I worked for three Deere dealers -from 1969 to 1992. We certainly gave those warnings about 2010 wheel tractors. No so much with the 1010s.
 
i appreciate the info (im j/k on the belarus). Im going to back off of the 1010. If the guy decides to track me down i might insult him on the price, but only because i believe i could gamble with something like $1000 for it.

Ive expanded my search and found a couple wd45s, massey 50s and some fords to look into, all for 3k or under.

In the future ill be able to try and find better deals, but short term id like something working
 
The family farm has one brought new in 1962. Somewhere along the line my dad had to make a gear are repair a gear for the transmission other that that its been trouble free.

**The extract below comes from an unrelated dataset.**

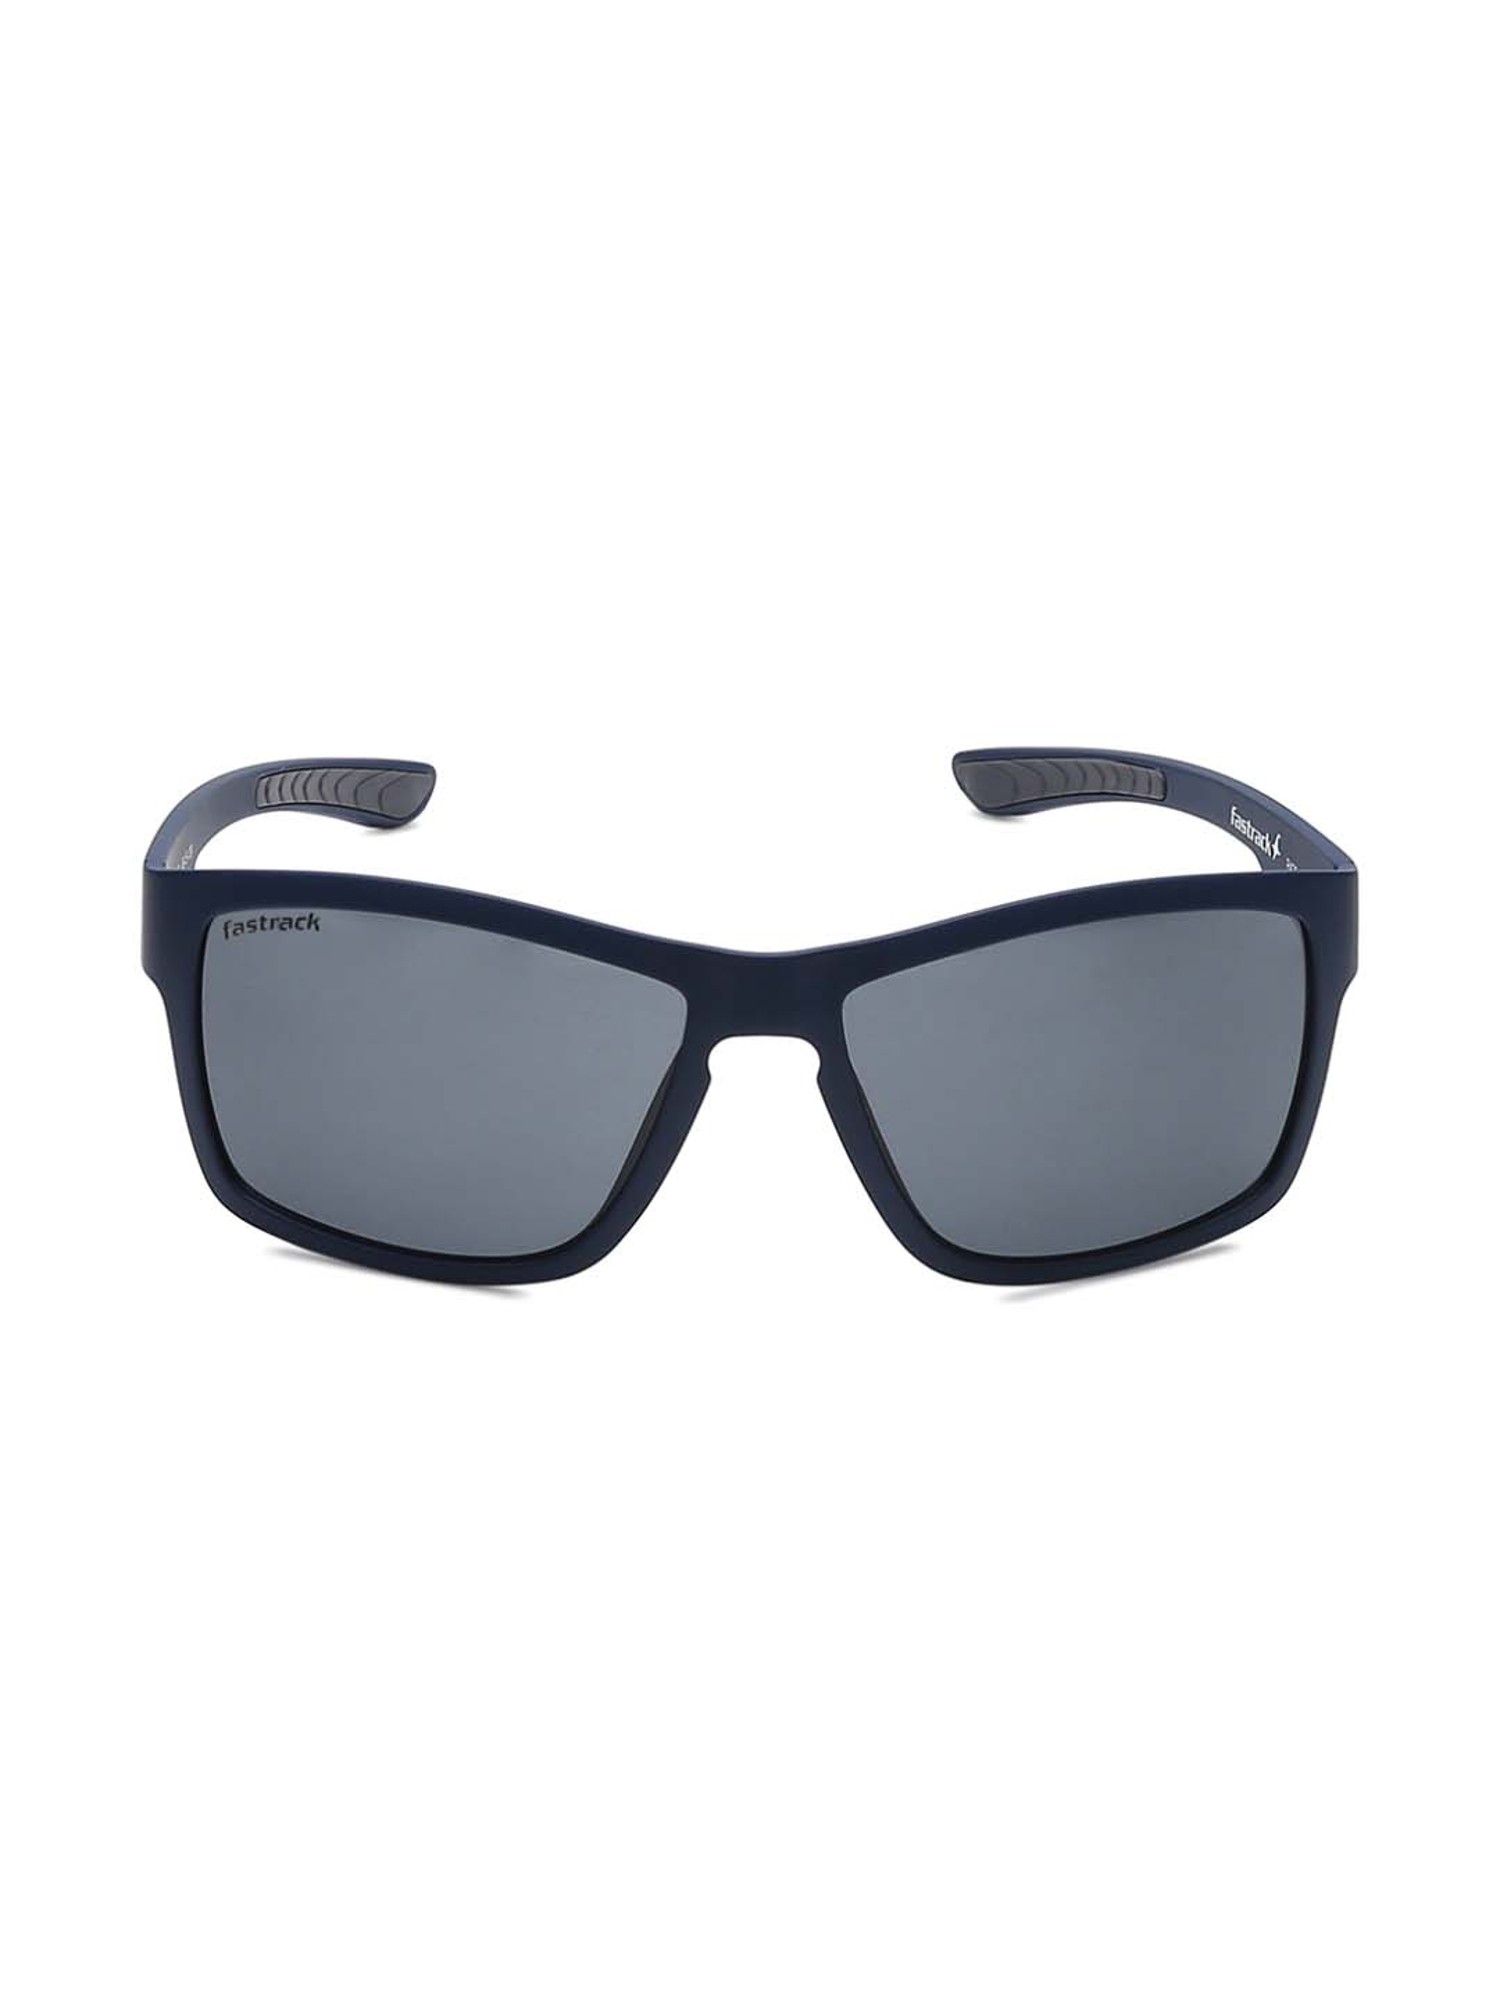 Fastrack Black Rectangle Sunglasses For Men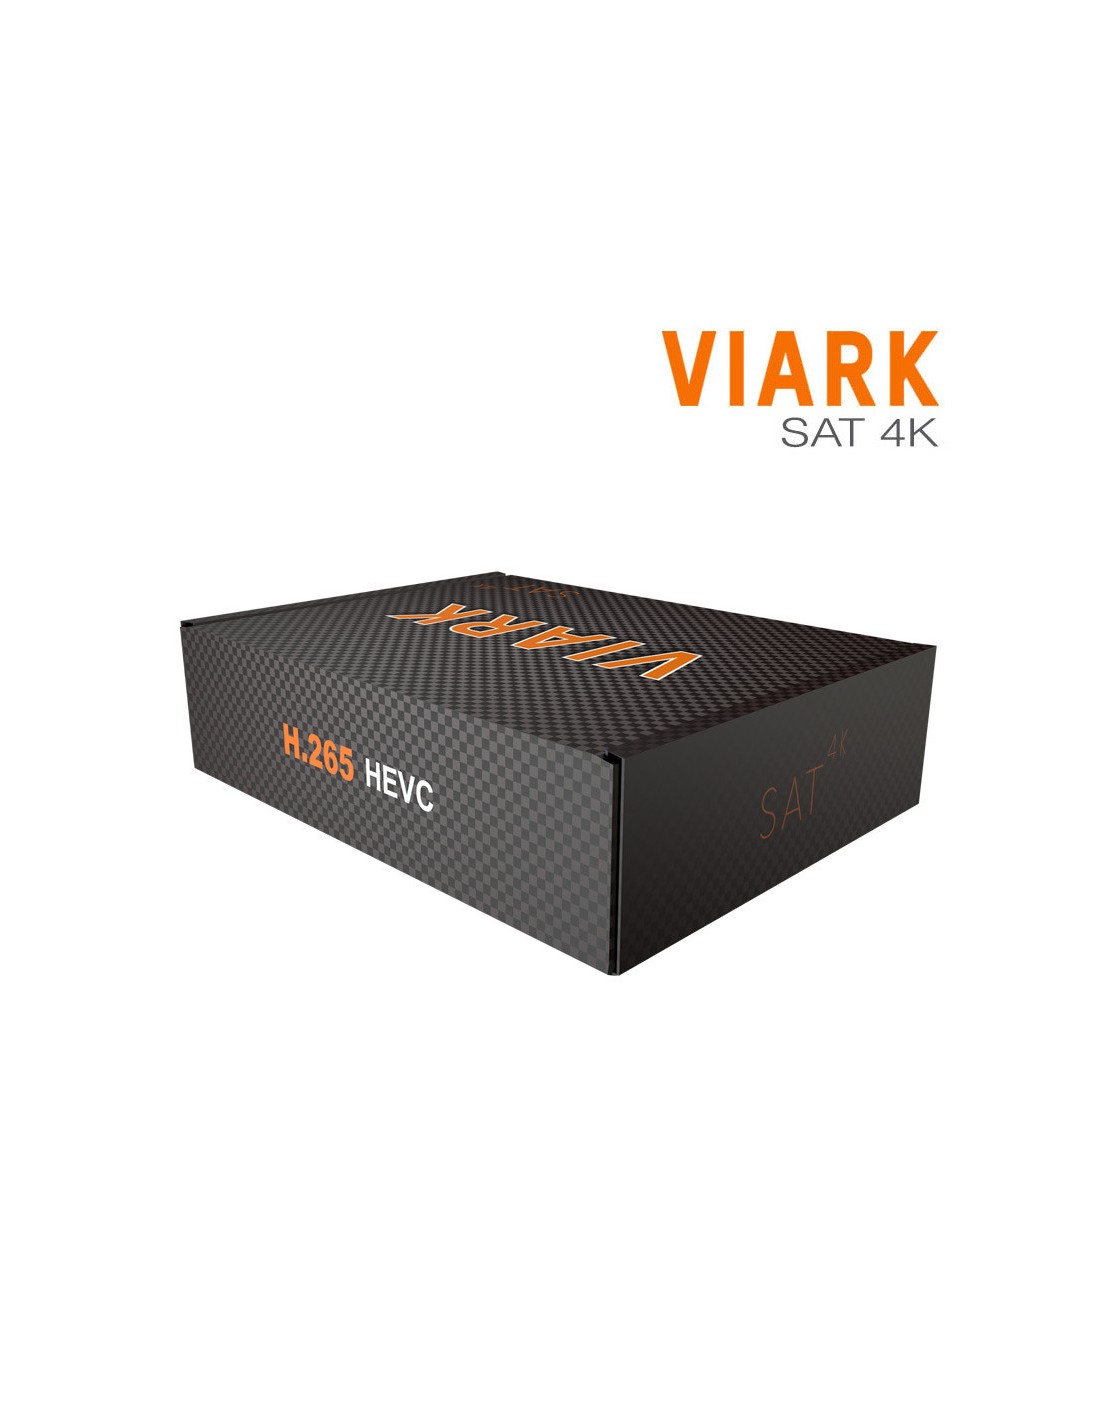 Renovacion Viark Sat 4k 1 año SP1 - Viark store

I never liked it but my uncle thought it was the beast thing since sliced bread.

It will sale and he will get 3K for it a sucker will come along. I have know folks that brought one and were never happy with them. I have a customer that has one he LUV's it. Most tractor do not see the work that folks put them thru back then so if its was in great condition and I felt comfortable with it, its only 3K it should mow grass.

For the record I don't plan to by one are any green tractor far as that goes.
 

I have worked on 3 of them.. all were bad news and paid 3 times what they were worth to get them running again... but not running well as there were still other problems.

Better than a push lawnmower, but not better than a riding lawnmower.

As to belaurus,, there a lots of them down here.. all non running. probably could get them for free. Parts can be very difficult as the above to find used.. much less new. Other models out there that run nearly forever, lots of them everywhere, and some even have aftermarket parts due to popularity available world wide at one third of the dealer price.

these "other" tractors cost a bit more, run a LOT better, and will still sell for even more later when your kids sell them after your gone.